"We don't really have a choice, the sea is taking over," says Fanch Renevot, in front of the truck where the furniture from his white house, a stone's throw from the beach, which he bought in 2015 with a view to spending his retirement there, is piled up.
"Six months after we bought it, it went into the red zone," he says, referring to the classification as "very high risk" of marine submersion of this hamlet in the small commune of Treffiagat, on the southern coast of Finistère.
"Not sentimental about stone," Mr. Renevot does not say he is particularly affected by the sale of this second home. "My wife was a little more upset by it: it's paradise here after all," confides the 60-year-old roofer, as he scans the few houses standing in the middle of the dunes and pines.
Built in a low-lying area in the 70s and 80s, these homes are separated from the beach by a simple dune, which has gradually thinned over the years. Filled in before winter, it threatens to give way to the assaults of the sea during each storm.

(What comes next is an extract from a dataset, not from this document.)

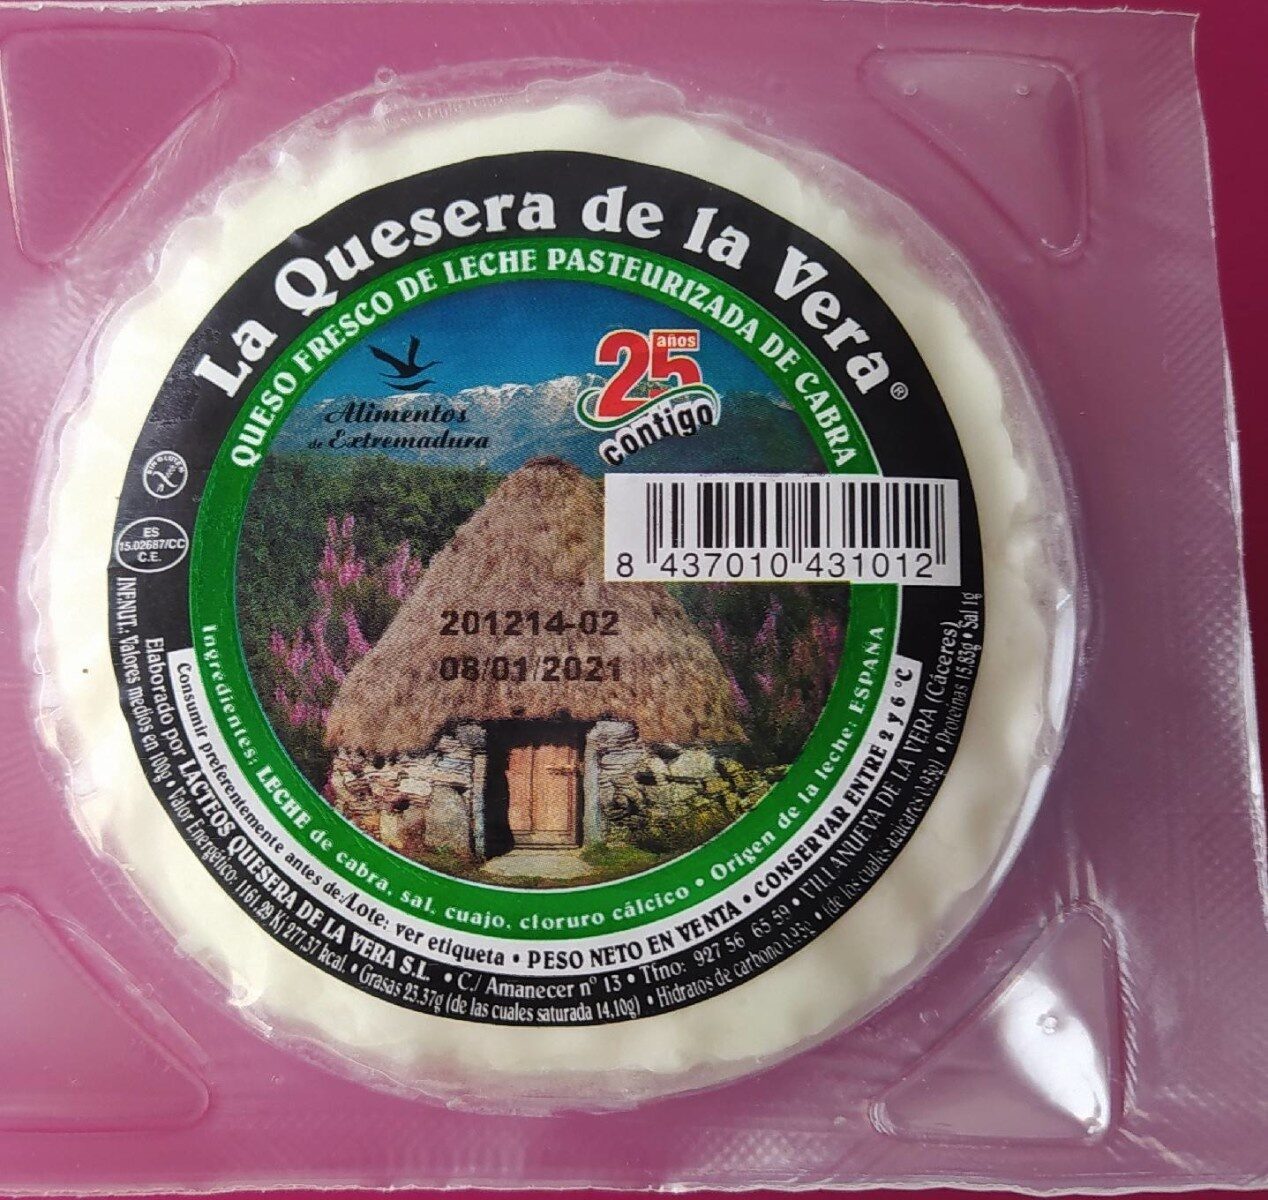 La quesera de la Vera - Producto

In November 2023, in anticipation of the passage of storm Ciaran, around twenty houses were evacuated by prefectural decree.
"All the containment systems that we have been able to implement over the last 15-20 years, namely the dike, rockfill, piles, are not effective," lists Stéphane Le Doaré, president (LR) of the Communauté de communes du Pays bigouden sud (CCPBS).
"Bottomless pit"
Every year, the community has to pay "more than 100.000 euros" to reinforce the dune, by reinforcing it with thousands of cubic metres of sand. "It's a bottomless pit, a bandage on a wooden leg, because the sea is stronger than us," Mr Le Doaré emphasises.
"We cannot guarantee, in a sustainable way, that the residents behind the dune will be able to live in safety," he explains. "The models prove that, inexorably, the sea will enter at that location."
The CCPBS therefore undertook to buy seven houses to demolish them, then fifteen in total in the longer term. The purchase of the first two houses was approved at the beginning of December by the community council.
At the end of the process, the hamlet will be returned to nature. And the construction of a dike behind the dune is planned to protect the remaining homes.
"I will leave with the sea"
But the prospect of having to leave this popular seaside location does not delight local residents. "It's heartbreaking for everyone," says one woman, who does not want to give her name. "It's ruining our retirement," insists a couple in their 70s, at the door of their house.
"I'll leave with the sea," Denise (name changed) even proclaims from her kitchen window. The octogenarian, who has lived in the neighborhood since she was four, can't imagine moving. "When the sea has come all the way, I'll have to go up to the attic and someone will come and get me," she says.
The activation of state aid from the "Barnier fund" allowed the CCPBS to offer advantageous repurchase conditions, at market price (i.e. from 280.000 to 687.000 euros) for the first seven houses. "Correct" estimates, confirms Mr. Renevot.
But the financial aspect is struggling to convince the residents most attached to their residence. "I understand the psychological trauma for some families who have lived there since the 70s and raised their children there," sympathizes Mr. Le Doaré.
"They will end up hearing it, it's just time for it to be acceptable," the elected official believes.